Parole de femme sur les tenues vestimentaires à l’église.
Adam et Eve ne sont pas restés longtemps nus… le péché leur fit honte et ils durent s’habiller, mais là aussi le génie humain trouva à se déployer. Ainsi naquit la mode.
Et cependant aujourd’hui le recueillement et la prière qui sont de mise à l’église sont souvent troublés par certaines tenues courtissimes.

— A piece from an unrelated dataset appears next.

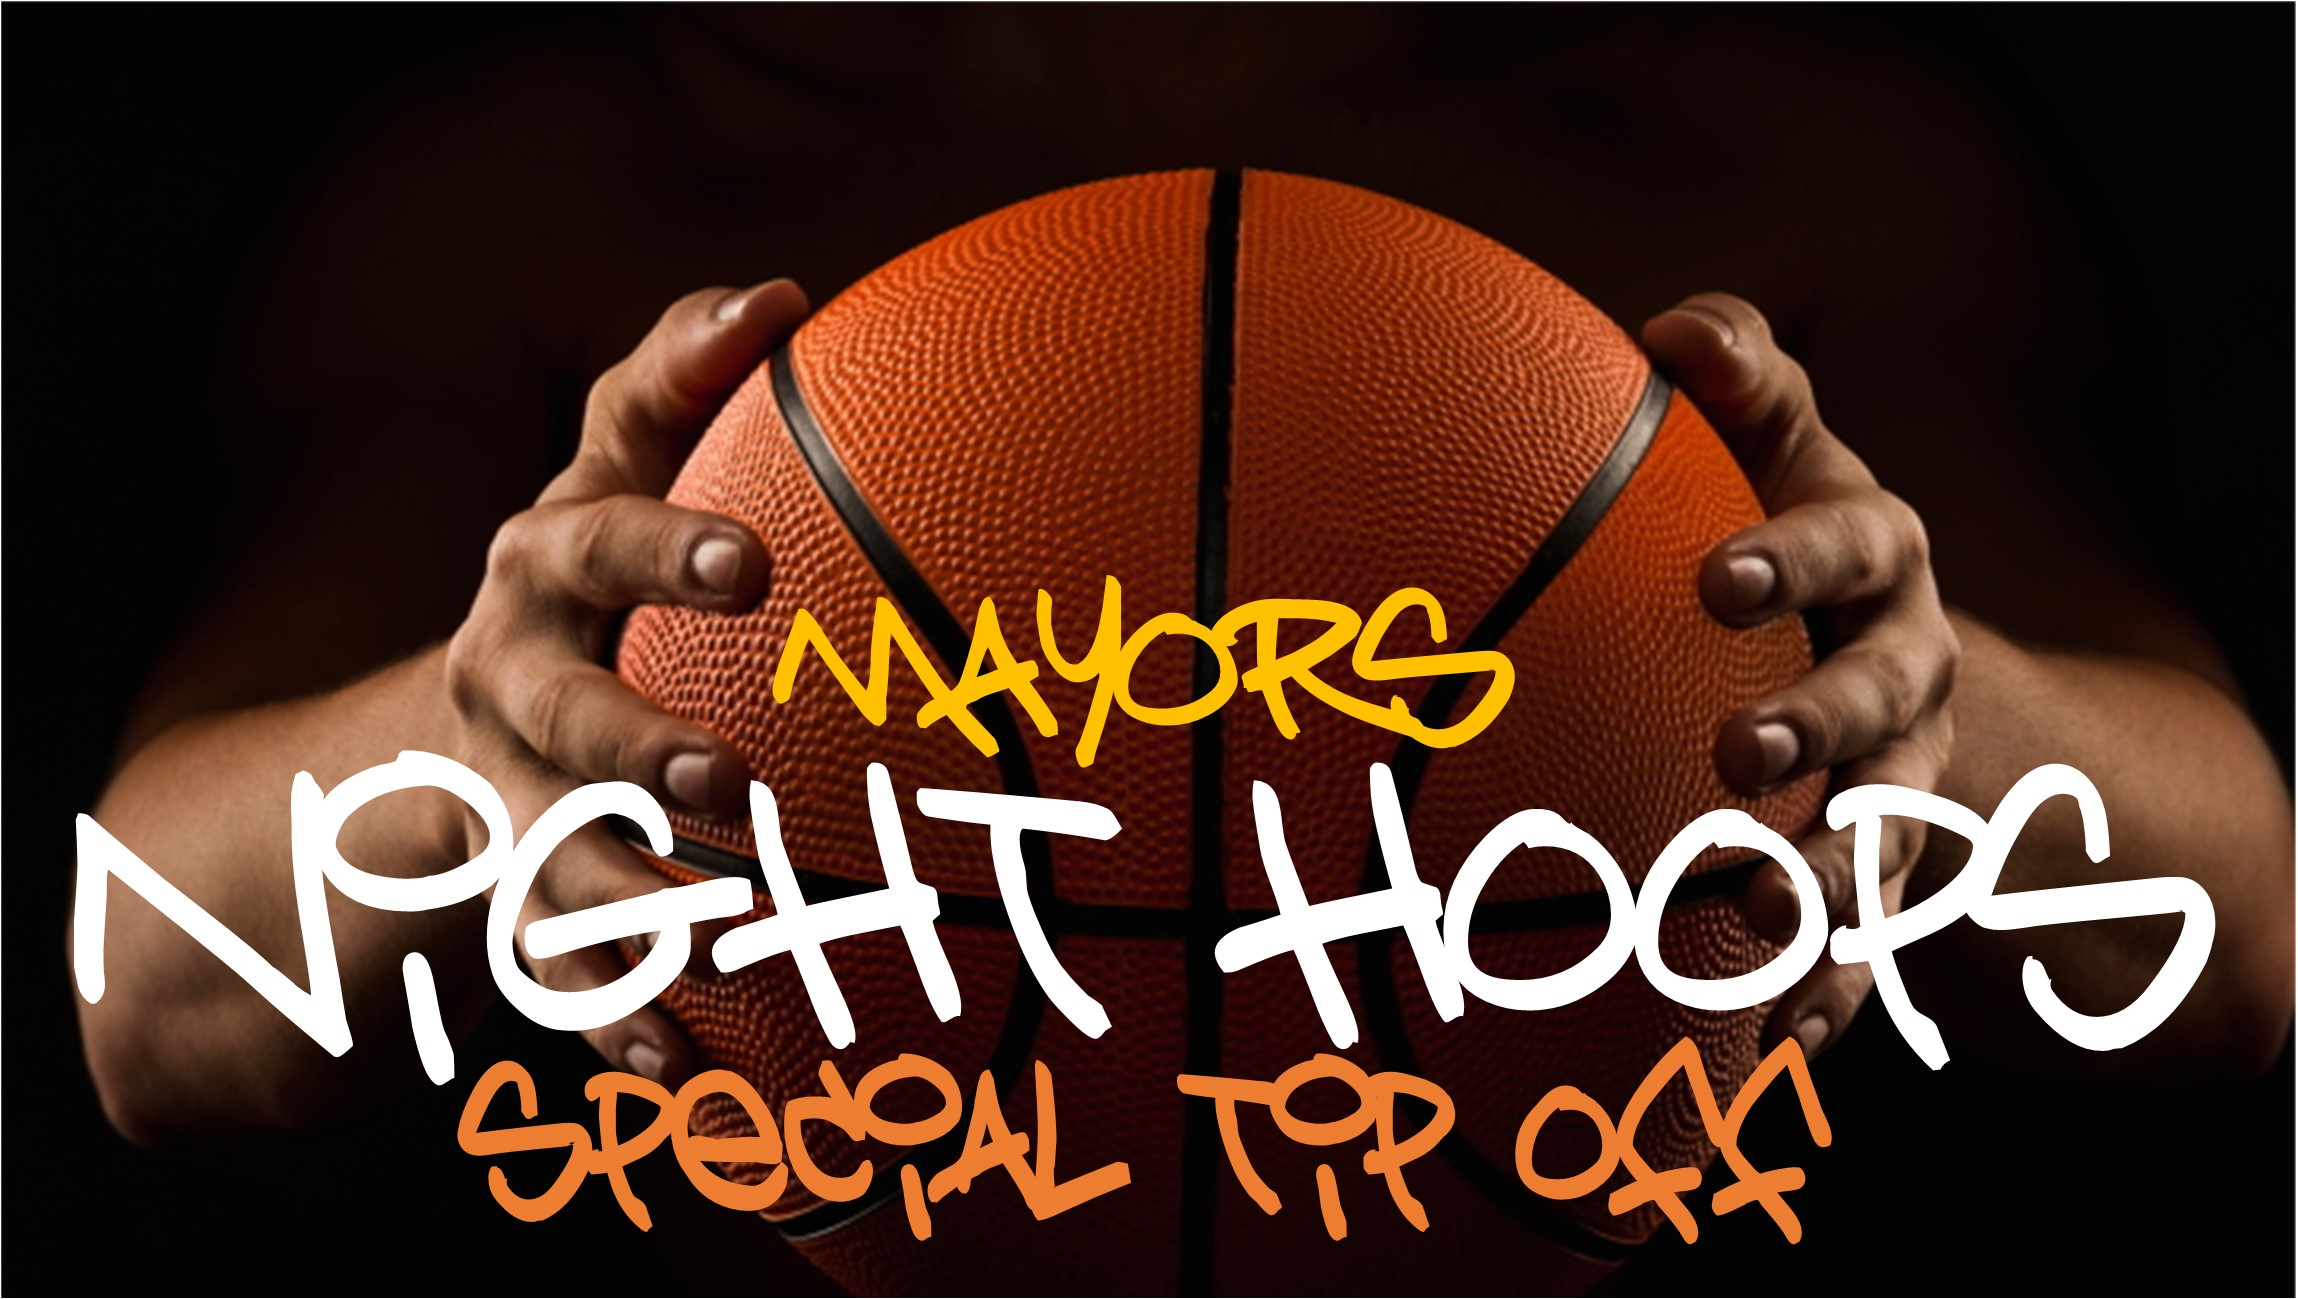 Mayor's Nights Hoops Special Tip-Off
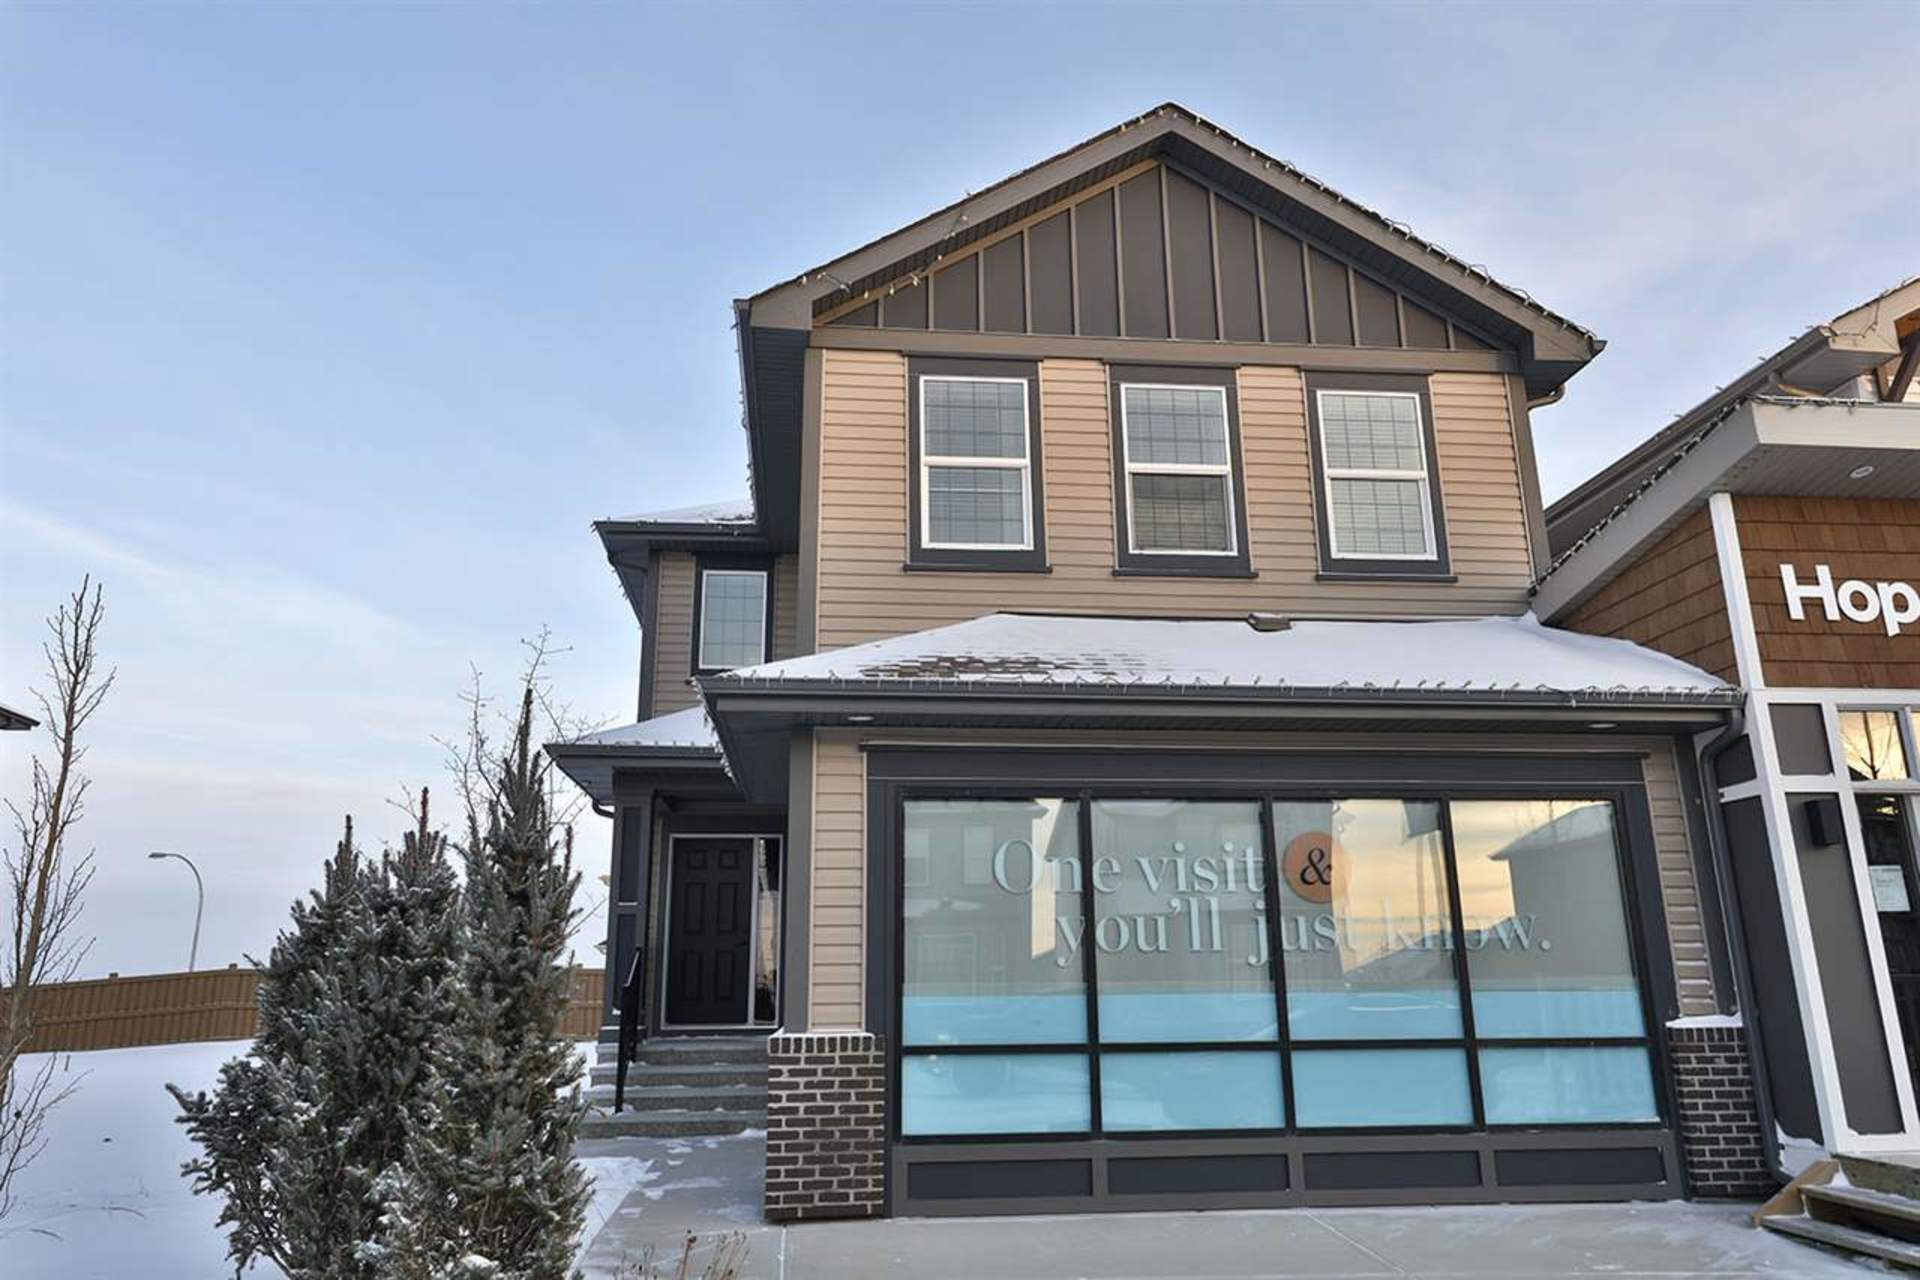 17843-61-street-mcconachie-area-edmonton-01 at 17843 61 Street, McConachie Area, Edmonton

Avec humour et fermeté, sans jugement, une jeune femme prend la parole et nous exhorte à retrouver le sens du beau dans le vêtement, en particulier à la messe, par respect et par amour pour Dieu, pour nos prêtres, nos parents, nos maris, nos enfants… Un encouragement puissant et rafraîchissant.
Avec humour et fermeté, sans jugement, une jeune femme prend la parole et nous exhorte à retrouver le sens du beau dans le vêtement, en particulier à la messe, par respect et par amour pour Dieu, pour nos prêtres, nos parents, nos maris, nos enfants… Un encouragement puissant et rafraîchissant.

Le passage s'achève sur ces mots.